Active No Longer The Default

September 13, 2017

This article is part of a regular series on thought leadership from some of the more influential ETF strategists in the money management industry. Today's article is by Michael McClary, chief investment officer of Akron, Ohio-based TOPS ETF Portfolios.

For more than 75 years, traditional active management has been the default option for investors. From the 1920s and ’30s, when direct stock and bond selection was the only option, through the Investment Company Act of 1940, investors have defaulted to traditional active management.

Active management has had a strong emotional hold on investors. The idea that investors can pay more money to someone with significant education and experience to provide better returns just makes sense.

One popular American saying is, “you get what you pay for.” In the case of investing, the mantra has been to pay more for more return.

Even though index investments were first mainstreamed in the 1970s and ’80s, the active management head start has been very strong. It has taken four decades for index investments to finally dethrone actively managed funds as the default option for investors. And while the transition is still occurring, the trajectory and direction are not reversing.

I oversee several billion dollars in active management, as well as our $5 billion in ETF assets. Much of the actively managed assets are legacy positions accumulated by investors over the 54-year history of our firm.

I do not dislike active management. On the contrary, I would love for active management to deliver extra return as promulgated. However, I recognize we are likely to have fewer assets in active management 10 years from now than we have today, as active management is no longer the default option for investors.

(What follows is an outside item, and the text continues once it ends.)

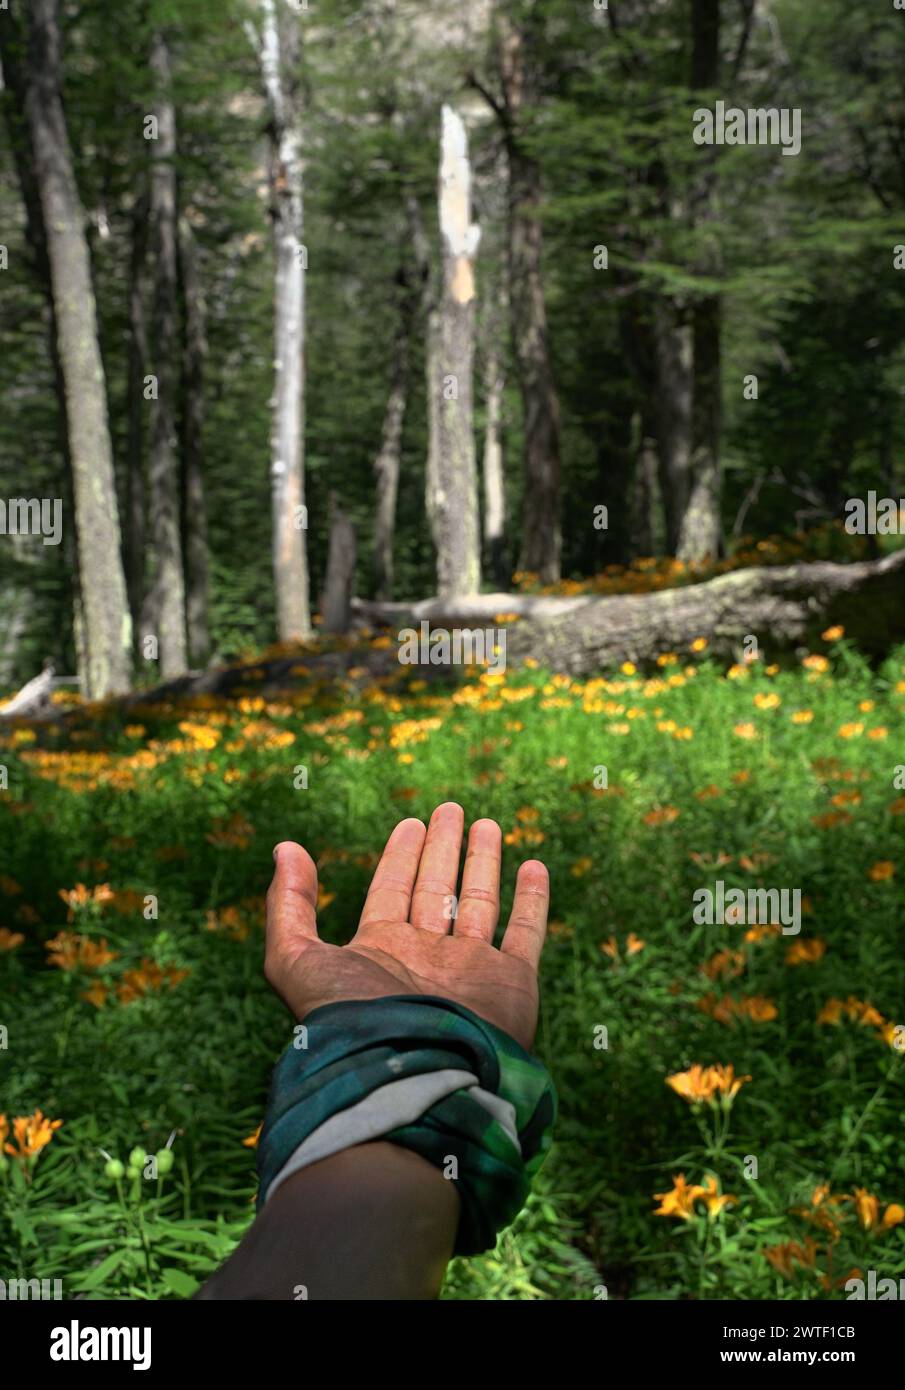 primer plano de una mano en el bosque Stock Photo

In this article, I will address issues affecting the transition of assets to index investments.

Reason Leads To Conclusions, Emotion Leads To Action

Donald Calne, a leading neurologist, is credited with saying “The essential difference between emotion and reason is that emotion leads to action, while reason leads to conclusions.”

The logic behind index investing is strong, and I would argue, conclusive. In the following chart, the key results from the most recent S&P Index Versus Active (SPIVA) report are shown.



For a larger view, please click on the image above.


Sources: S&P Dow Jones Indices LLC. SPIVA U.S. Scorecard Year-End 2016. The S&P 500 is a capitalization-weighted benchmark that tracks broad-based changes in the U.S. stock market. The S&P MidCap 400® provides investors with a benchmark for midsize companies. The index, which is distinct from the large-cap S&P 500®, measures the performance of midsize companies, reflecting the distinctive risk and return characteristics of this market segment. The S&P SmallCap 600® measures the small-cap segment of the U.S. equity market. The index is designed to track companies that meet specific inclusion criteria to ensure they are liquid and financially viable. The S&P 700 measures the non-U.S. component of the global equity market through an index that is designed to be highly liquid and efficient to replicate. The index covers all regions included in the S&P Global 1200 except for the U.S., which is represented by the S&P 500®. The Barclay’s Long Term Government/Credit Index includes publicly issued U.S. Treasury debt, U.S. government agency debt, taxable debt issued by U.S. states, territories and their political subdivisions, debt issued by U.S. and non-U.S. corporations, non-U.S. government debt and supranational debt. One cannot invest directly in an index. Indices are unmanaged and do not incur fees.,span>


Specifically, the table shows the percentage of actively managed mutual funds that have underperformed their benchmark indexes over varying time periods. Every six months, S&P compares active managers to indexes. These reports can be accessed here as well.

Bringing up the SPIVA report to active managers is a sore subject. After reviewing the information, along with the accompanying S&P Persistency Scorecard, any logical investors would have to conclude indexes may provide a better statistical chance for success.

However, investors need to make the emotional decision to sell their active funds and buy indexes. While logic can contribute to emotion, other emotional factors can overpower logic. Just ask any teenager about the last 10 decisions they have made.

To make the emotional decision harder, some active managers have tried to confuse the logic.

Studies have been released by active managers that effectively show, "If you screen the returns for only Tuesdays in the fall on days when it isn't sunny and close your left eye, active funds outperform."

Sure, there will be some funds that outperform in each year. However, the S&P Persistency Scorecard shows almost no funds consistently outperform over time. Likewise, the deck is stacked heavily against the odds for the average active manager to outperform indexes over time. Further, there is no sure-fire way to decide ahead of time which manager will be above average.